"Надо достать Доронину из колумбария"

Откровения режиссера Серебренникова перед премьерой


Сегодня в Театре имени Пушкина — премьера спектакля "Откровенные полароидные снимки" по пьесе английского драматурга Марка Равенхилла в постановке Кирилла Серебренникова. Поставив в прошлом сезоне спектакль "Пластилин", он разом стал самым модным молодым театральным режиссером Москвы. Перед премьерой лауреат премии ТЭФИ и молодежного "Триумфа" КИРИЛЛ СЕРЕБРЕННИКОВ ответил на вопросы корреспондента Ъ РОМАНА Ъ-ДОЛЖАНСКОГО.
       
       — В пьесе Марка Равенхилла действуют два гомосексуалиста, стриптизерша и вернувшийся из тюрьмы бывший экстремист. Когда вы прочитали текст, не возникло отторжения? Ведь у нас принято называть такую драматургию чернухой.
       — Я не понимаю, что это такое — чернуха. А все остальное что, белуха, что ли? Похоже на название детской болезни, вроде краснухи, когда тело идет пятнами. Чернуха — это, наверное, такая болезнь, когда пятнами идут критики и театральные деятели. Я просто видел столько чернушных постановок чеховской "Чайки", которую принято считать высокодуховной пьесой, что термин этот вообще пора забыть. Что касается Равенхилла, то в пьесе очень отчетливо выражено ощущение человека моего поколения, то есть примерно тридцати лет, живущего в современном большом городе, чувствующего конфликт между внешними и внутренними проявлениями этой жизни. Текст написан три года назад про Лондон, но сегодня показался мне актуальным для Москвы. Меня вообще последнее время очень волнует социально актуальный театр...
       — Странно слышать. Ваше, то есть наше с вами, театральное поколение бежит от социальности подальше.
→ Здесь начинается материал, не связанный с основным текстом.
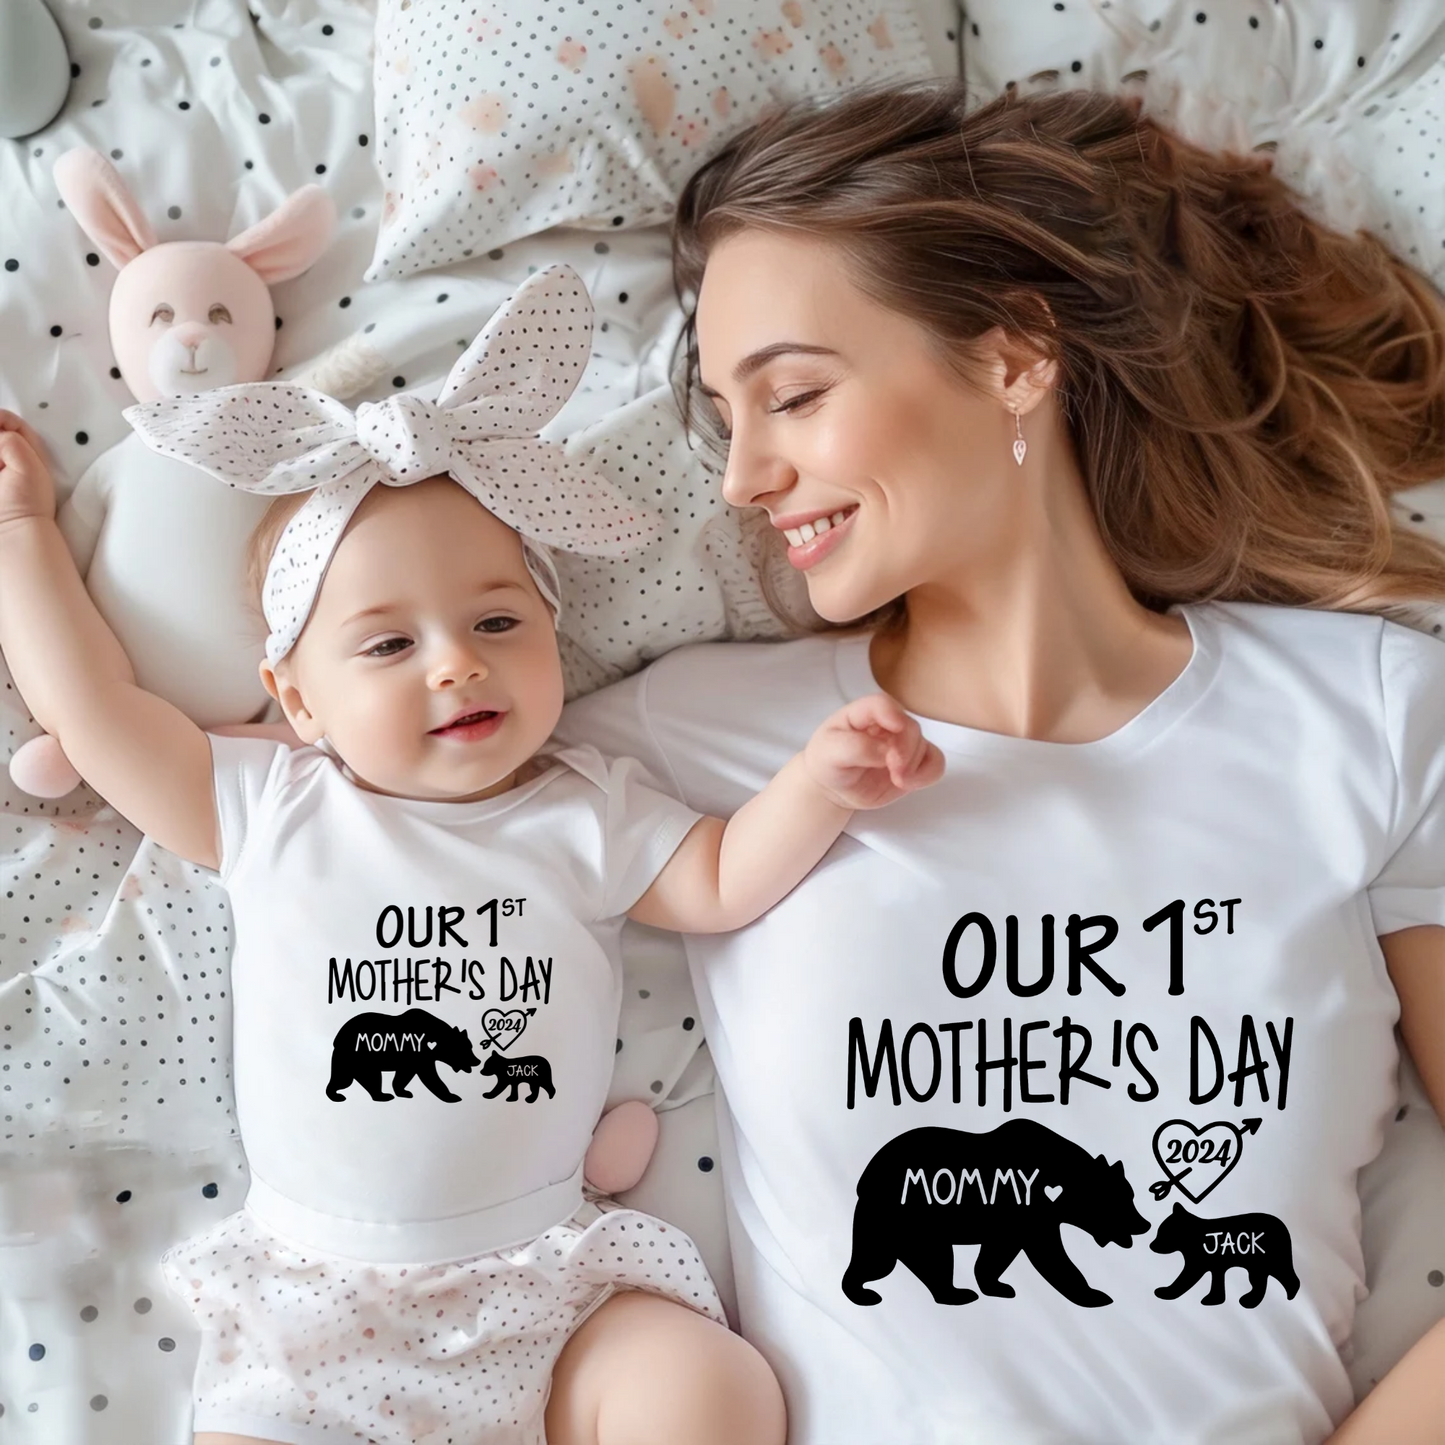 Unser Erster Muttertag - Personalisierte Shirts für Mutter und Kind

       — Это какая-то глупая инерция работает. Перестроечный театр, вчистую проиграв соревнование с политикой, в какой-то момент решил, что будет играть только про высокое, святое и вечное. Но вместе с так называемой политикой выплеснул и ребенка. Театр не может не думать о том, как выразить современность в самом прямом смысле этого слова.
       — А вдруг театру это вообще не под силу?
       — А вдруг под силу? Иначе люди будут всегда видеть в театре одно и то же: пыльные кулисы и пыльных персонажей, вынутых из костюмерной вместе с костюмами. Есть такое понятие — подбор. Это когда для нового спектакля используются старые запасы театральных цехов. Вот такие "подборные" спектакли с "подборной" игрой из жизни королей и герцогов смотреть сегодня невозможно. Зритель же должен как-то идентифицировать себя с персонажами. Иначе человек смотрит на сцену как на абстракцию и уходит. Многим этого достаточно, но тогда театр обречен быть маргинальным старомодным институтом.
       — Зачем такие крайности? Есть же качественный костюмный театр, стилизация. Или взять хотя бы Стрелера. Ну какая там еще идентификация с персонажами "Слуги двух господ"? Но это все равно гениально и современно.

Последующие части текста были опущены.